Start of INPUT DATA

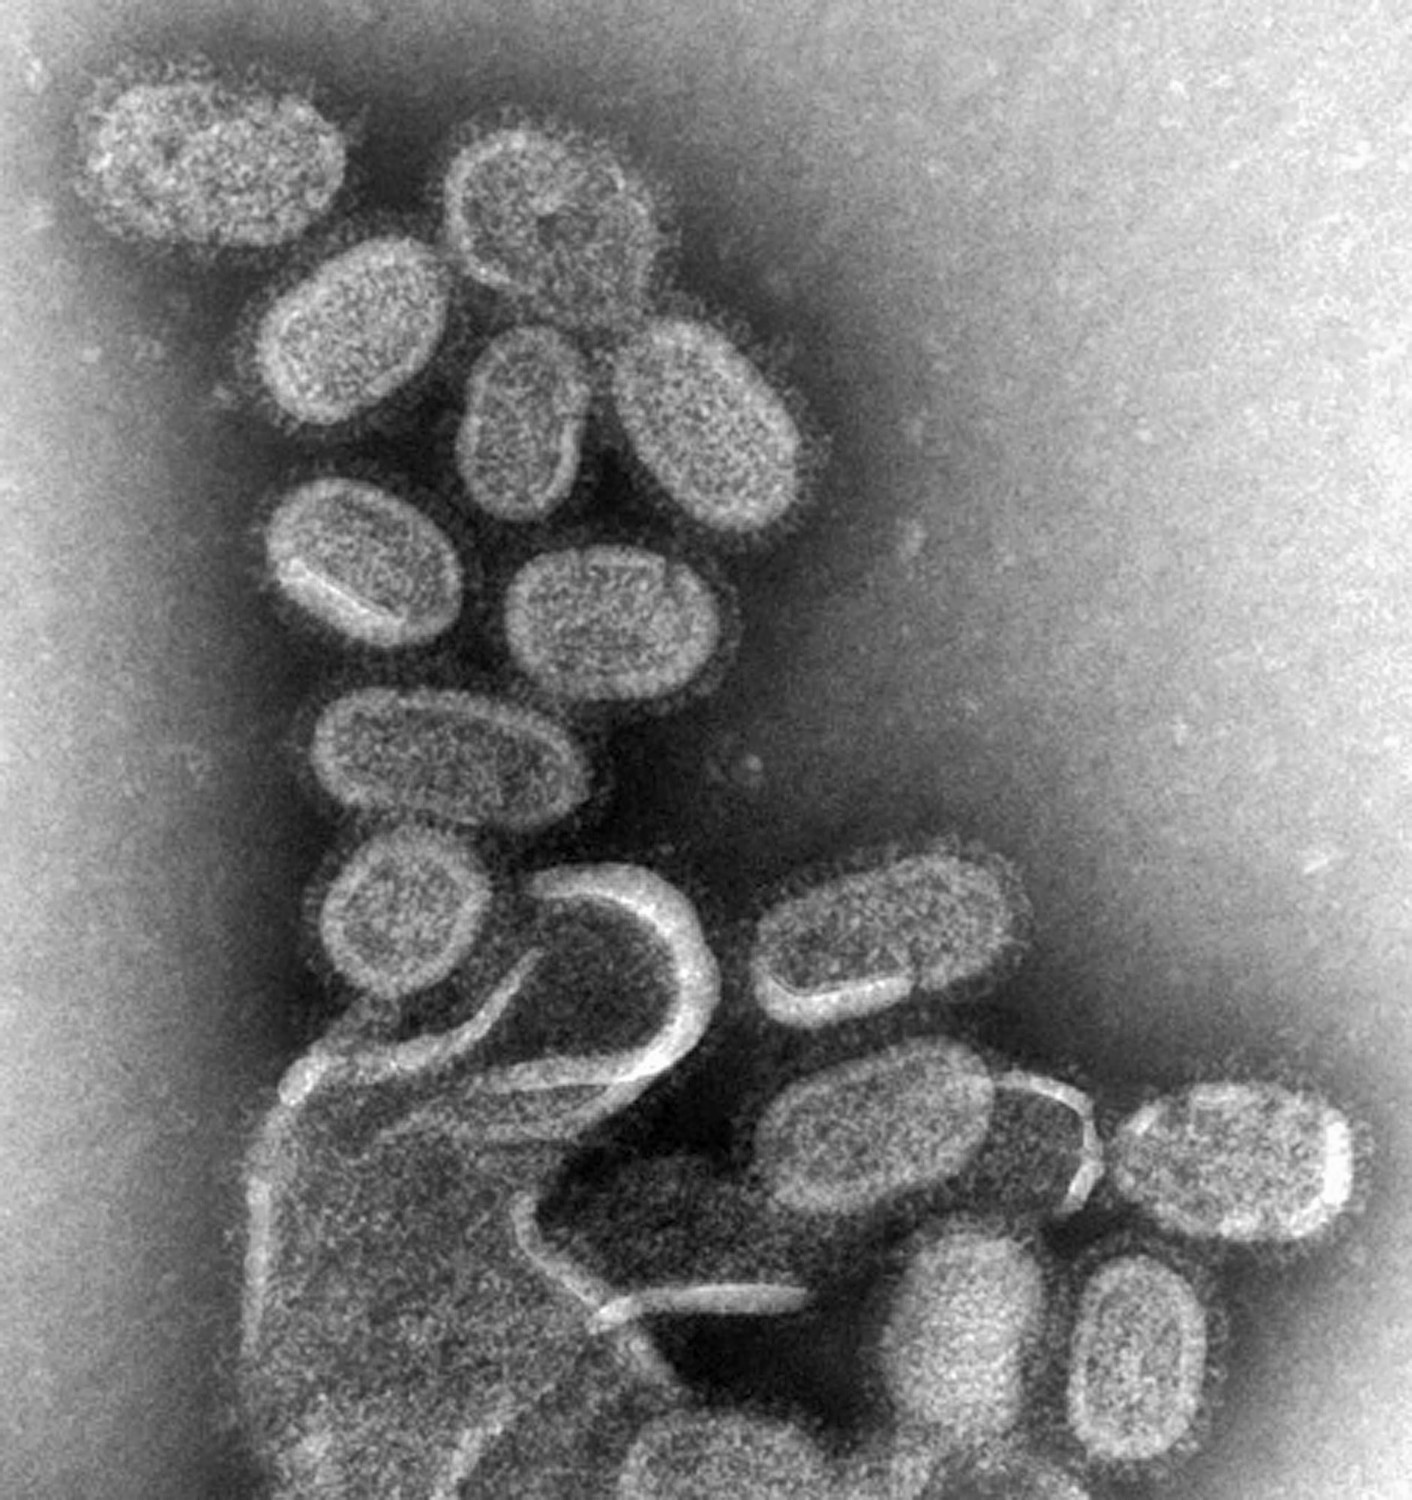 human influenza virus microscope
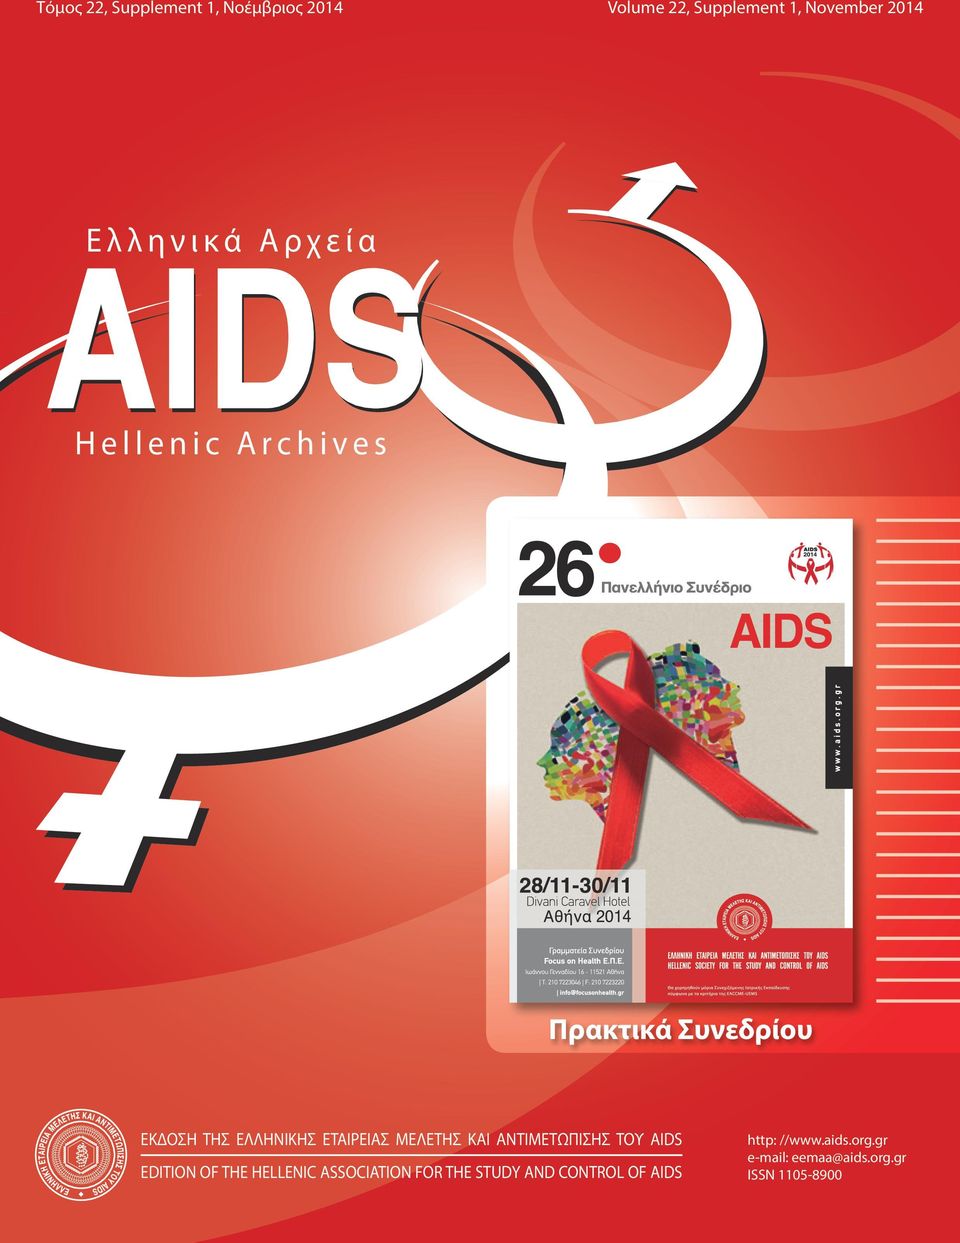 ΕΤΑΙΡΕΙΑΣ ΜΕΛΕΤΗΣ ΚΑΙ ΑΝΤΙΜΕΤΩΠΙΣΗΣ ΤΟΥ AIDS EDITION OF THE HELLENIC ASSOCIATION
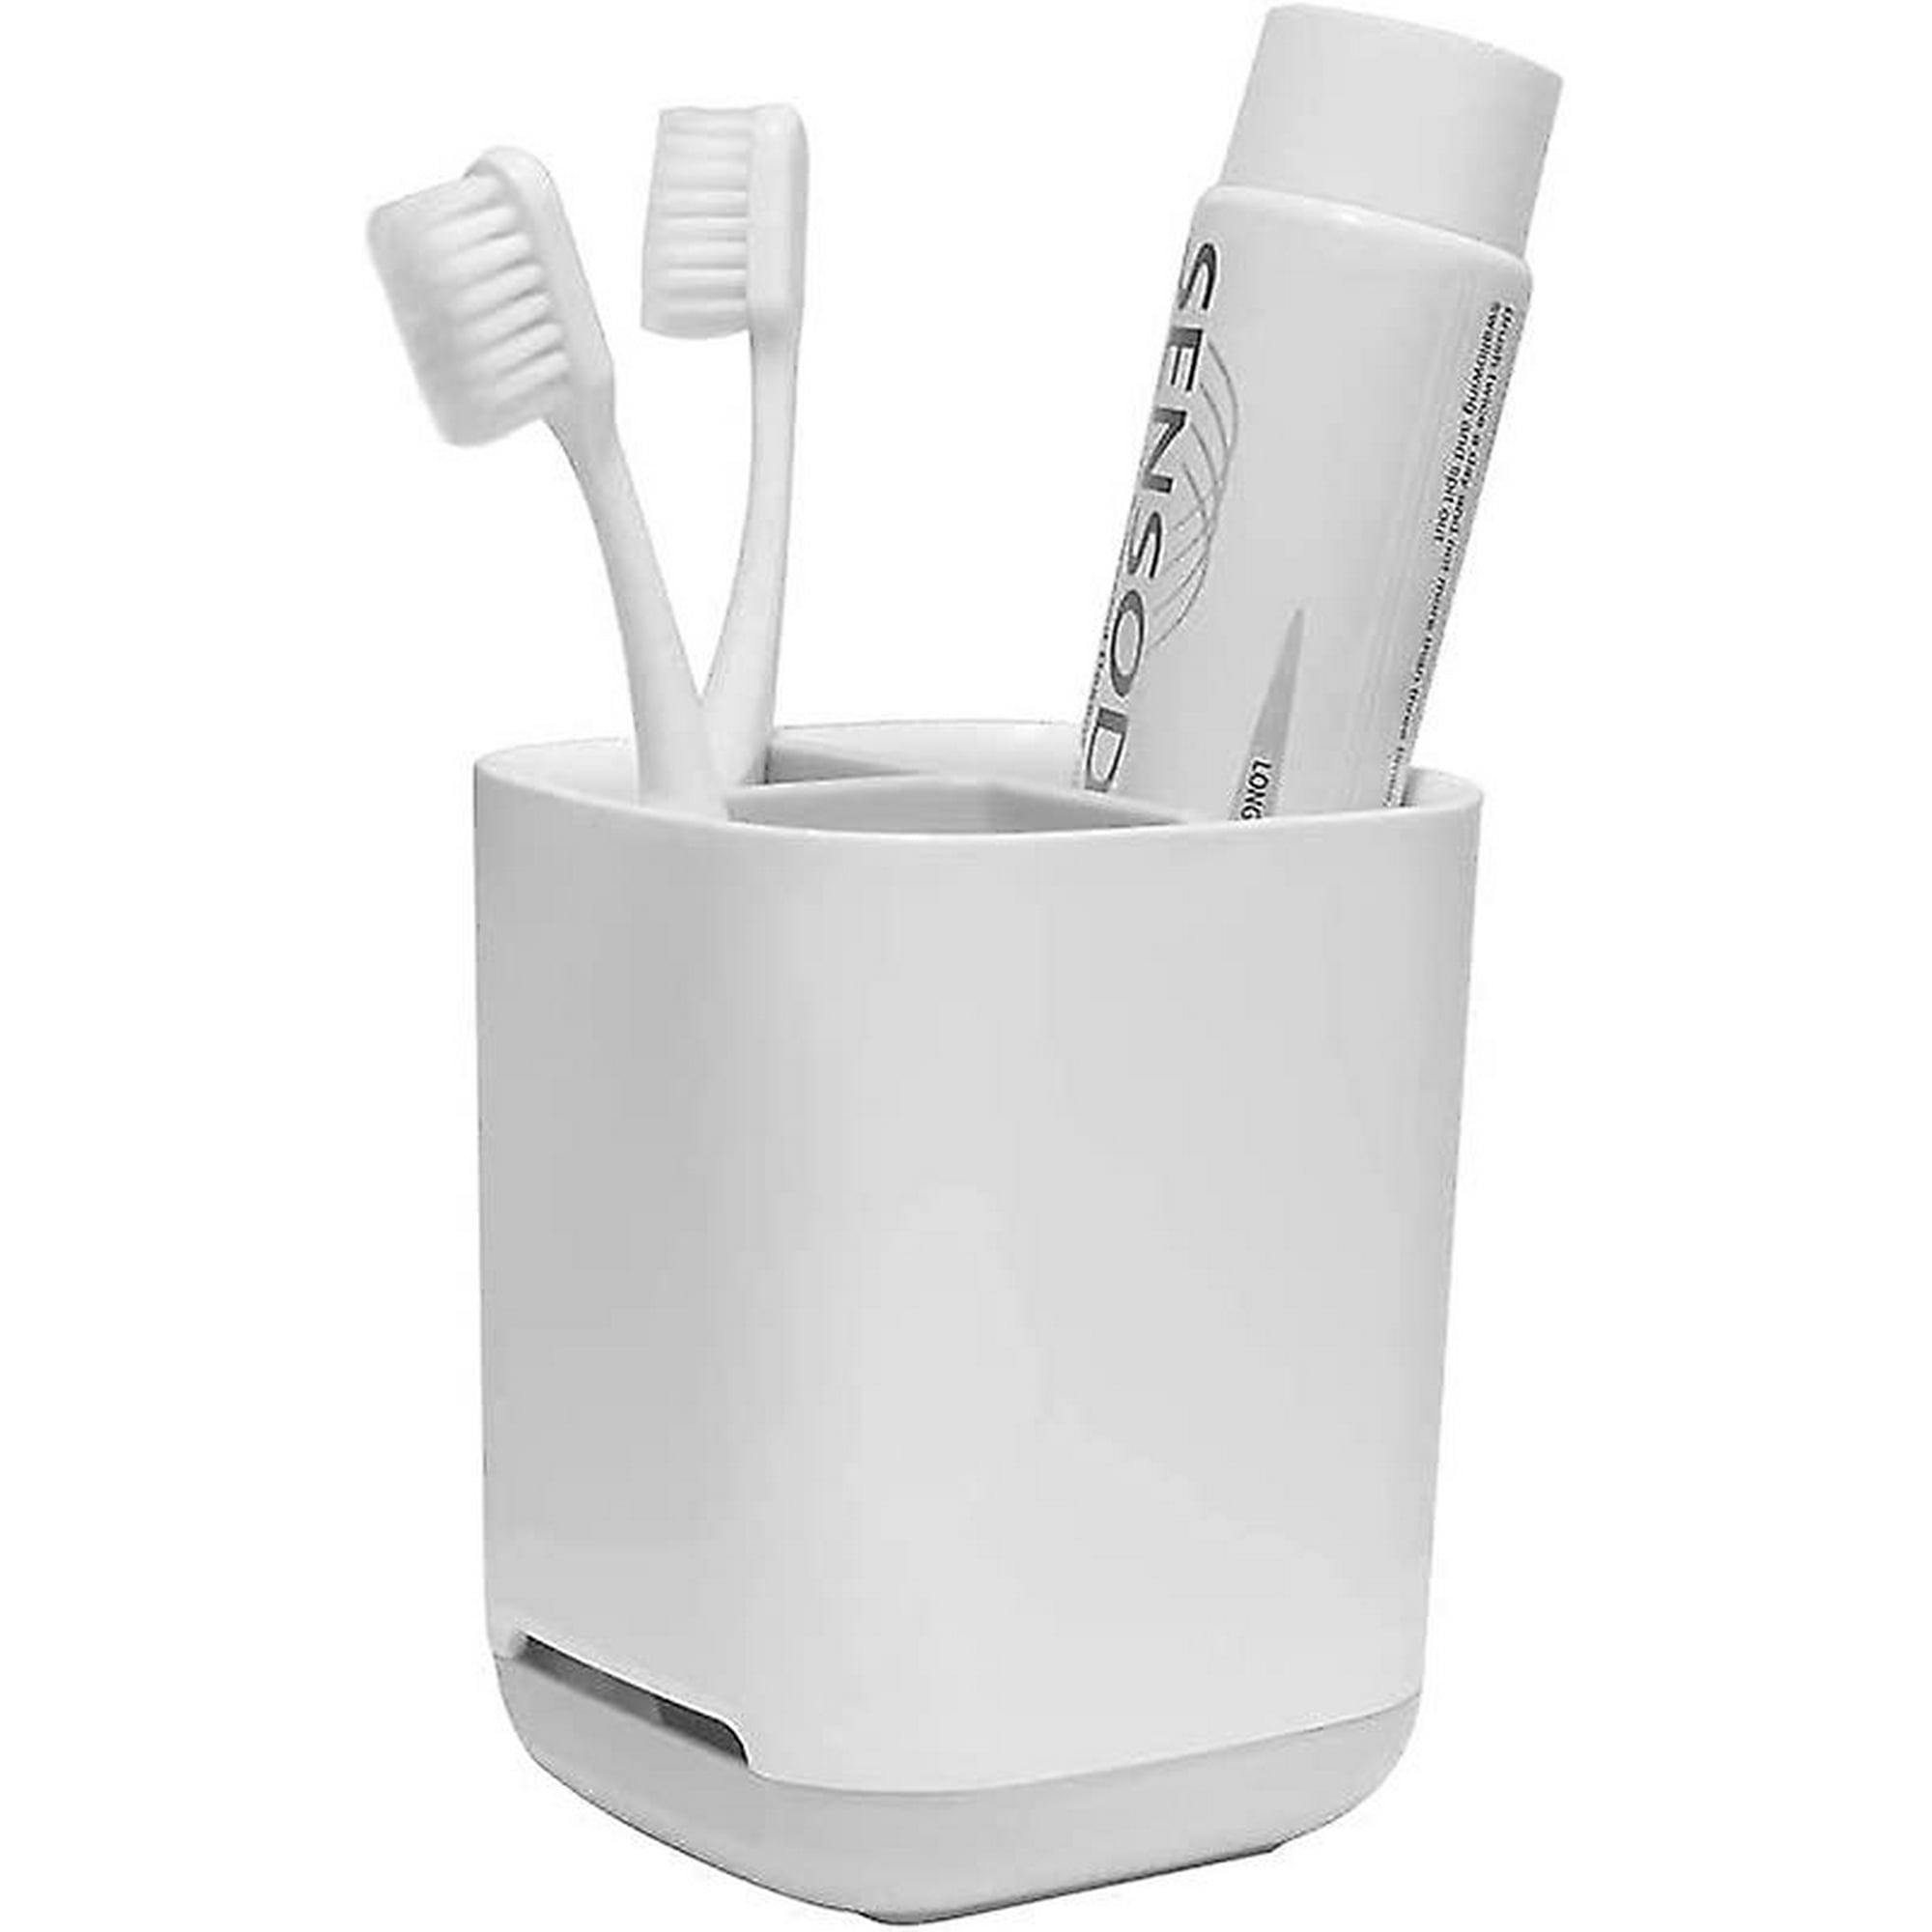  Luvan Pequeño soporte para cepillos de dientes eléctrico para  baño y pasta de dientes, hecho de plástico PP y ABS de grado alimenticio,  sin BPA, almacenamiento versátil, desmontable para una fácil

End of INPUT DATA

> _WHAT YOU SHOULD DO_
Your answer should be the lines from the line containing "ΕΤΑΙΡΕΙΑΣ ΜΕΛΕΤΗΣ ΚΑΙ" through the end of the listing above, output exactly and alone, without the pictures.

> _SOLUTION BELOW_
 ΕΤΑΙΡΕΙΑΣ ΜΕΛΕΤΗΣ ΚΑΙ ΑΝΤΙΜΕΤΩΠΙΣΗΣ ΤΟΥ AIDS EDITION OF THE HELLENIC ASSOCIATION
  Luvan Pequeño soporte para cepillos de dientes eléctrico para  baño y pasta de dientes, hecho de plástico PP y ABS de grado alimenticio,  sin BPA, almacenamiento versátil, desmontable para una fácil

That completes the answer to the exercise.